## About this exercise
Copy out the data below from the line containing "Cheesy Valentines Day Quotes" to the line containing "The cheesy Valentine s Day card I made", both lines included, with all images left out.

## Exercise material
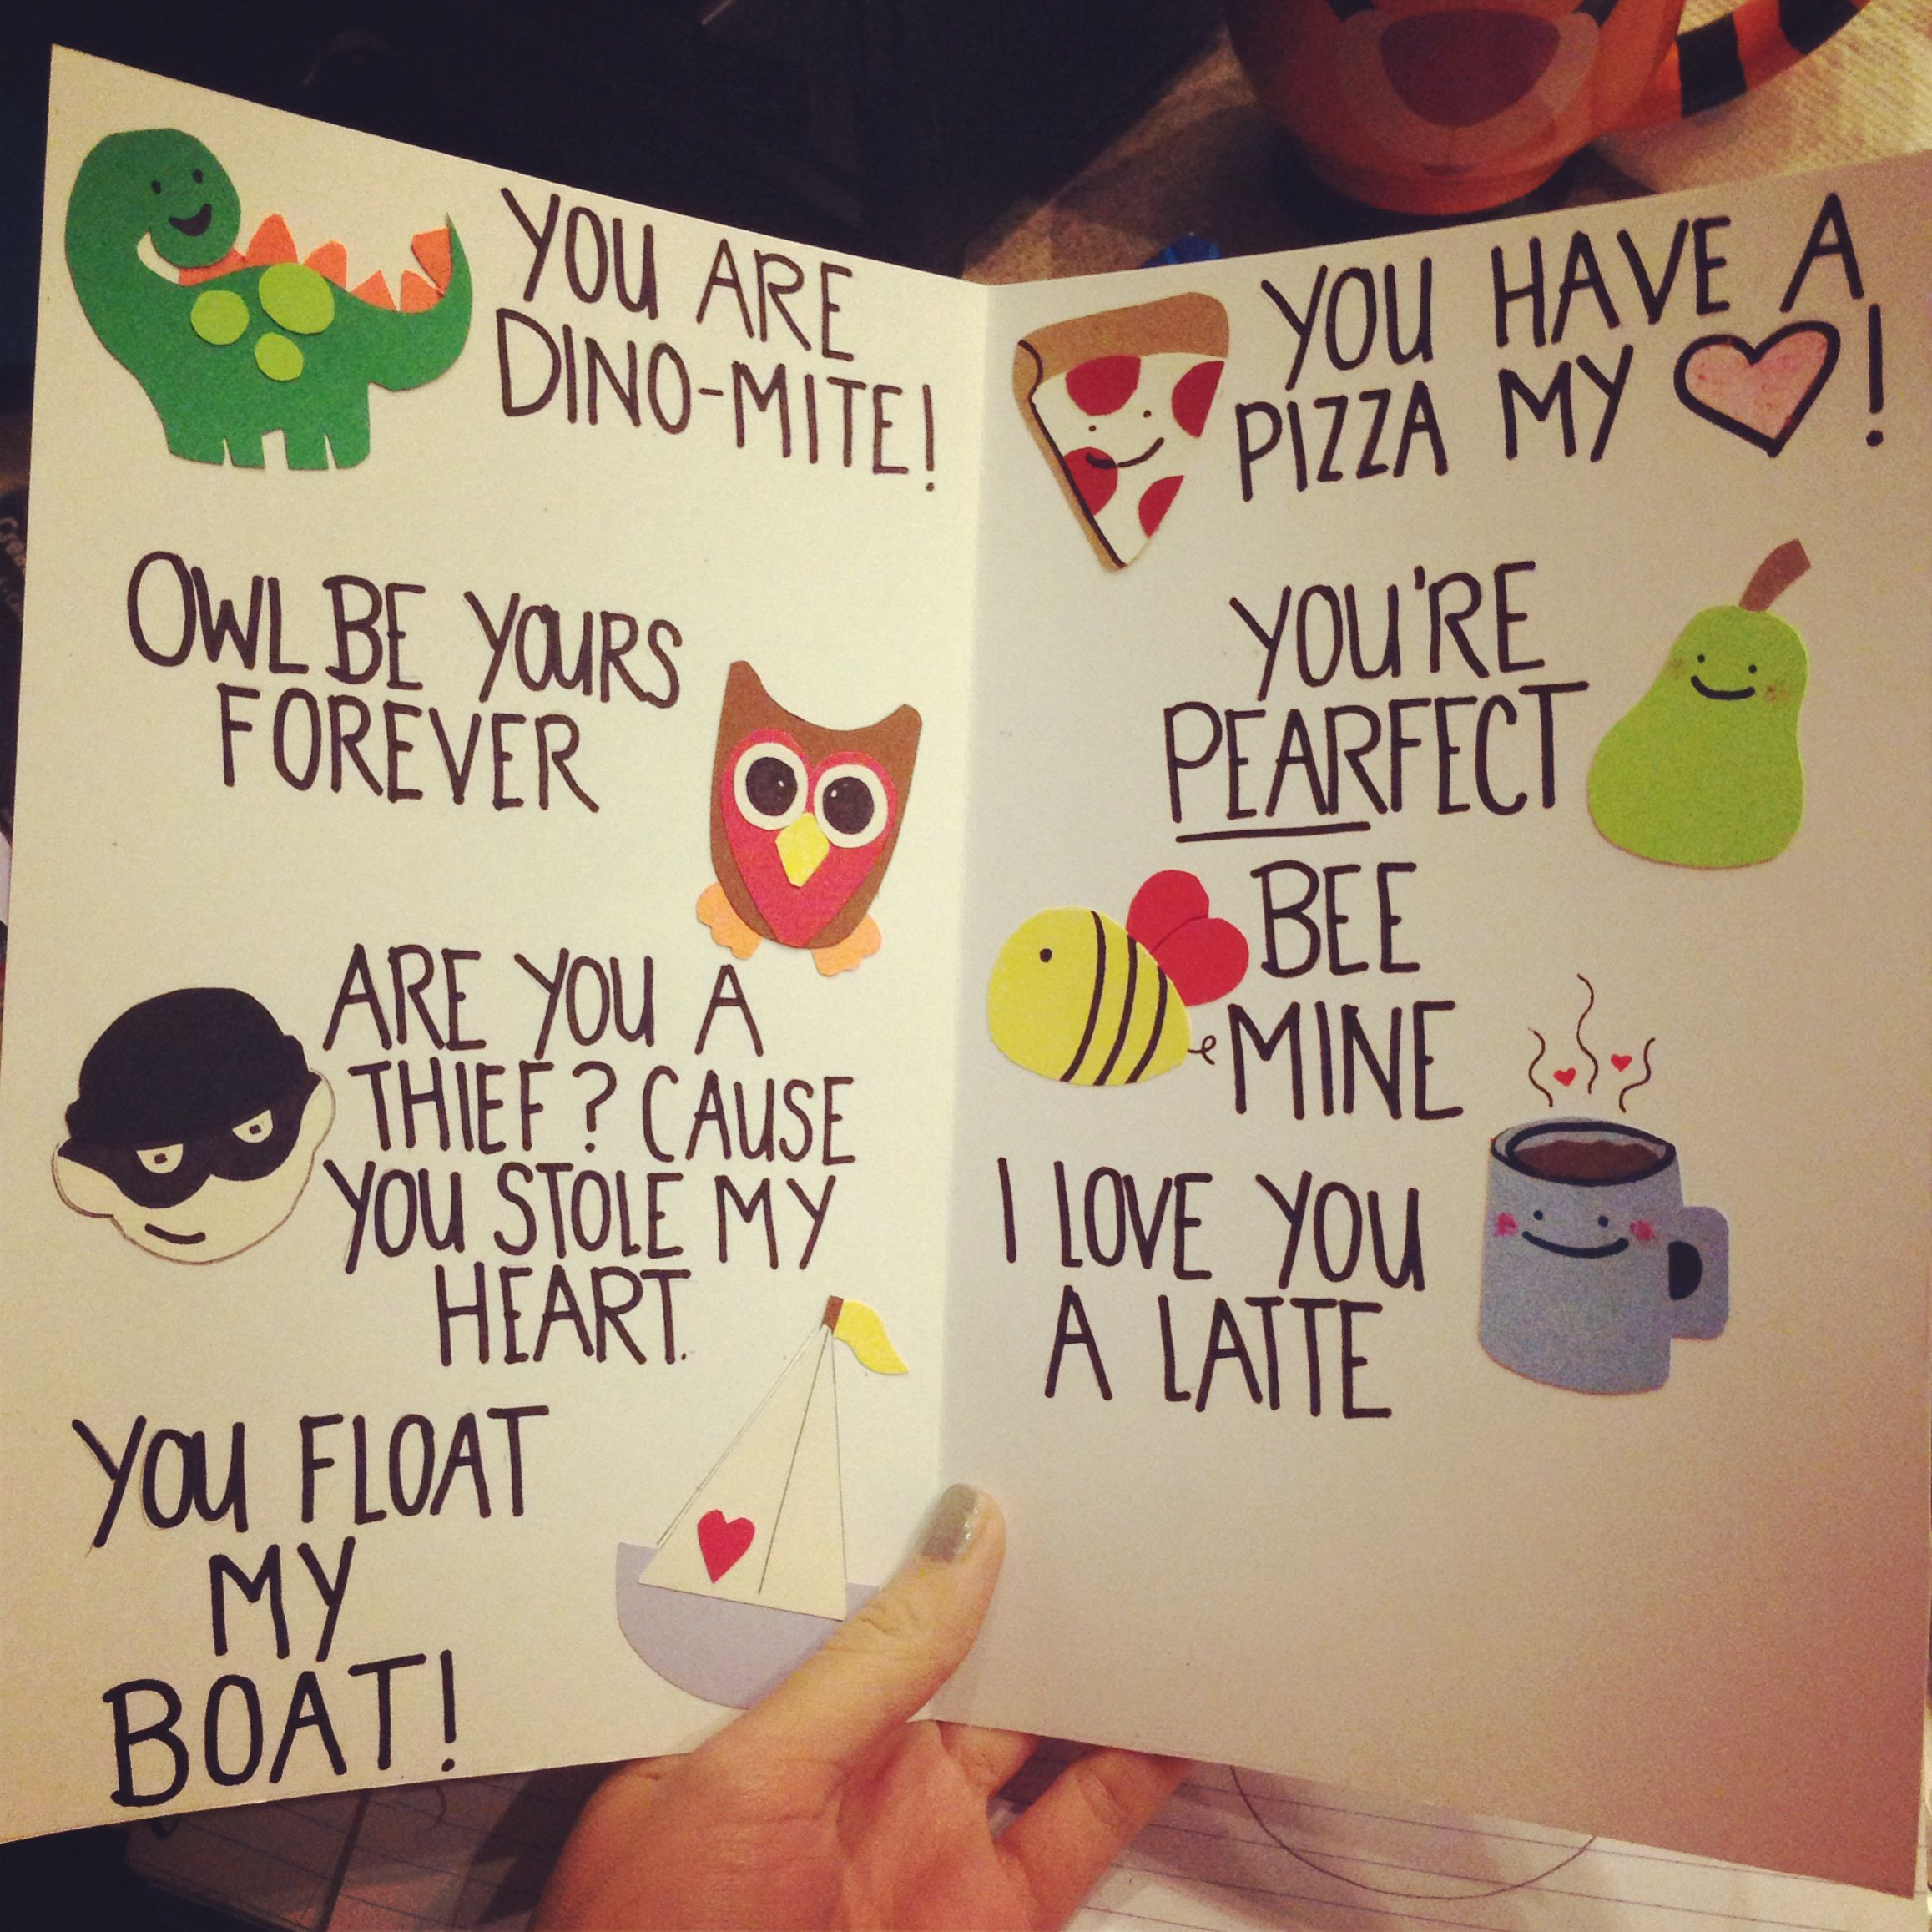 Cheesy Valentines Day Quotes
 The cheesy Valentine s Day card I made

...

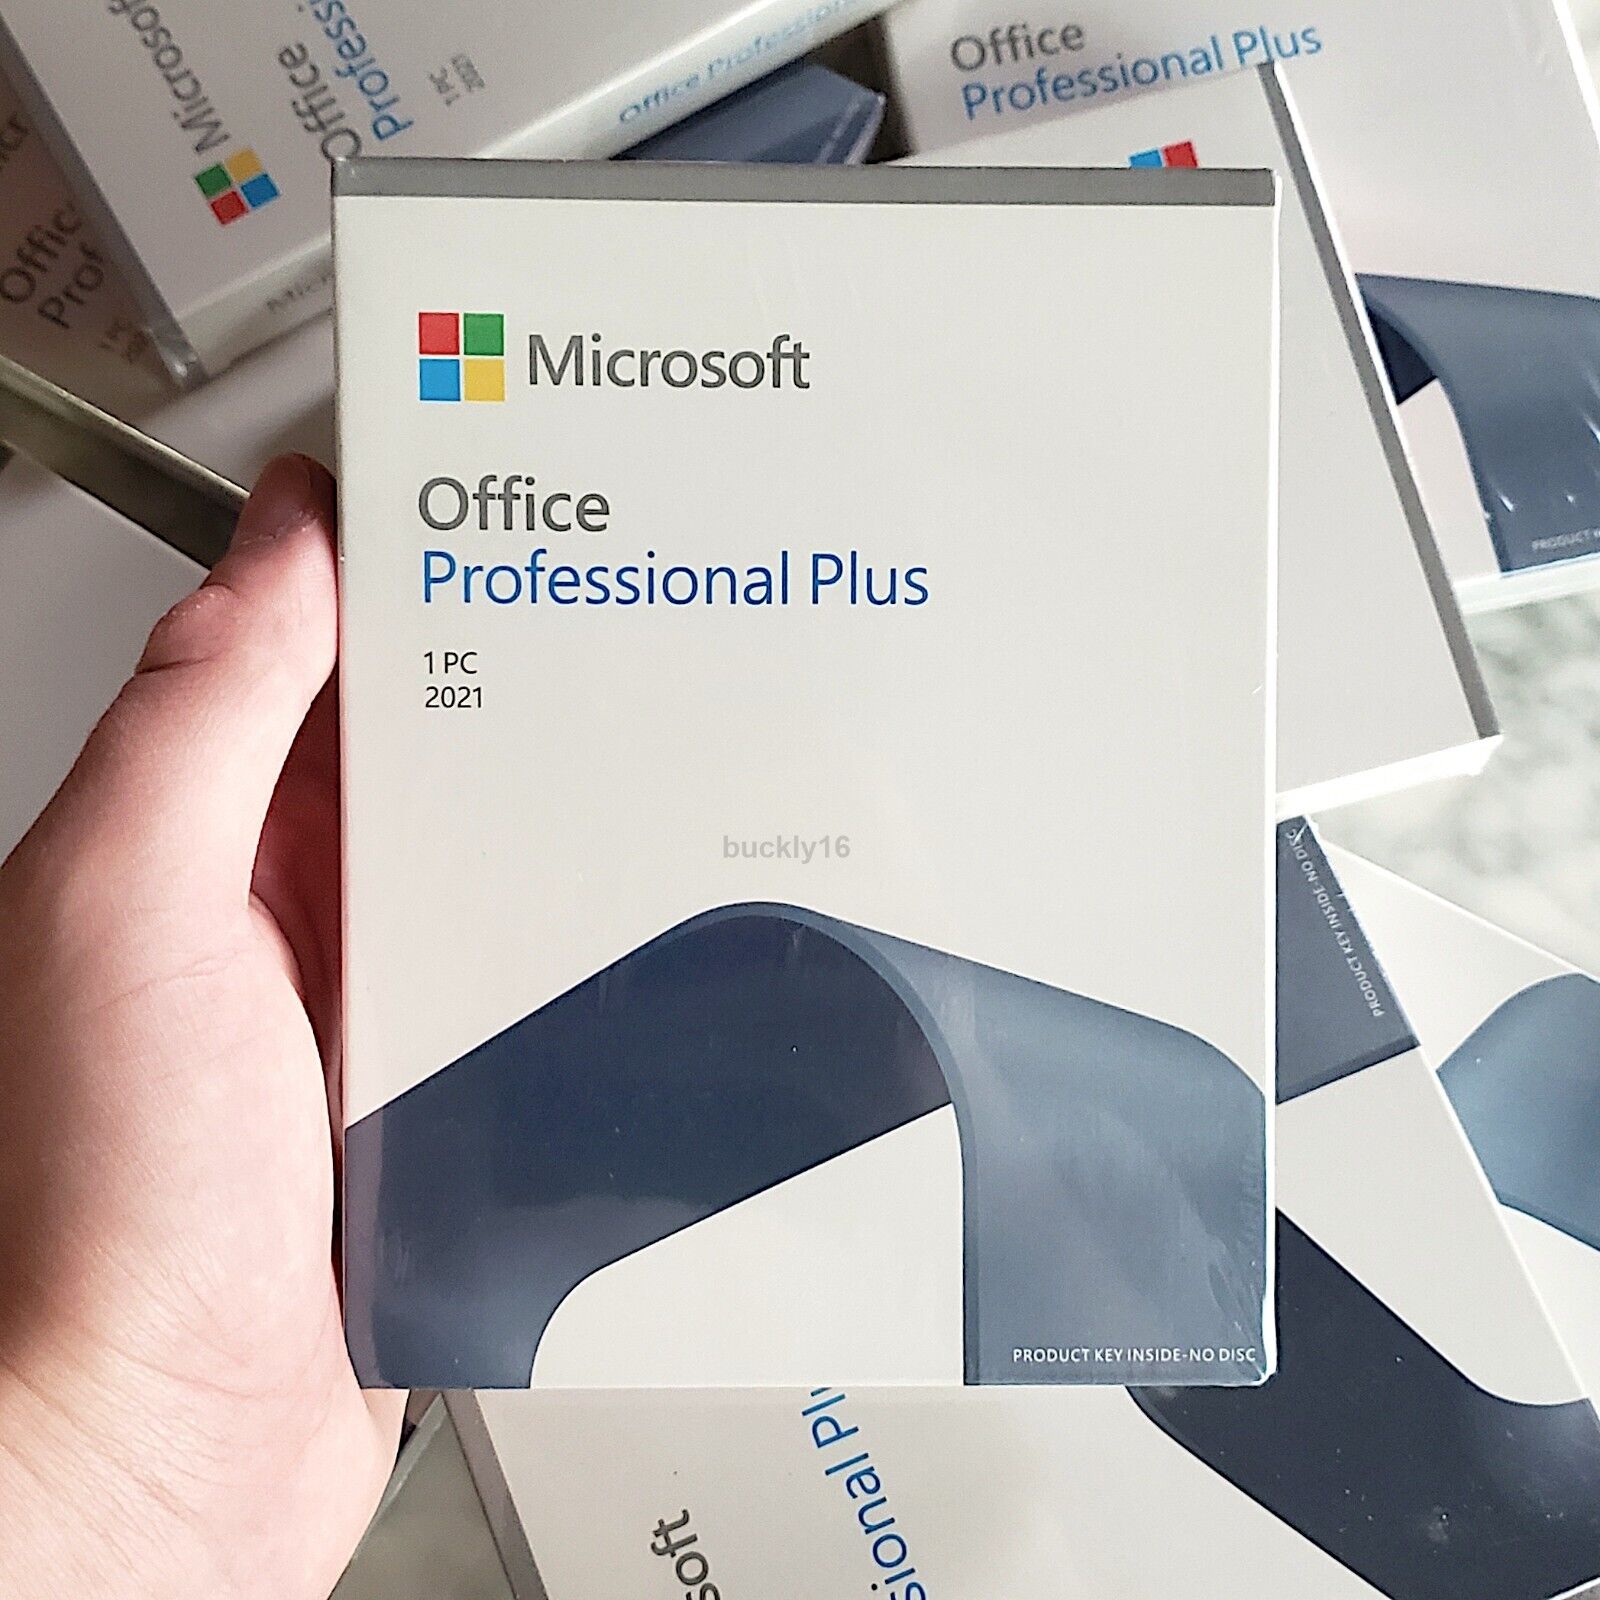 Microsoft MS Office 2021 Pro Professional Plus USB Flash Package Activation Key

## Answer to this task
 Cheesy Valentines Day Quotes
 The cheesy Valentine s Day card I made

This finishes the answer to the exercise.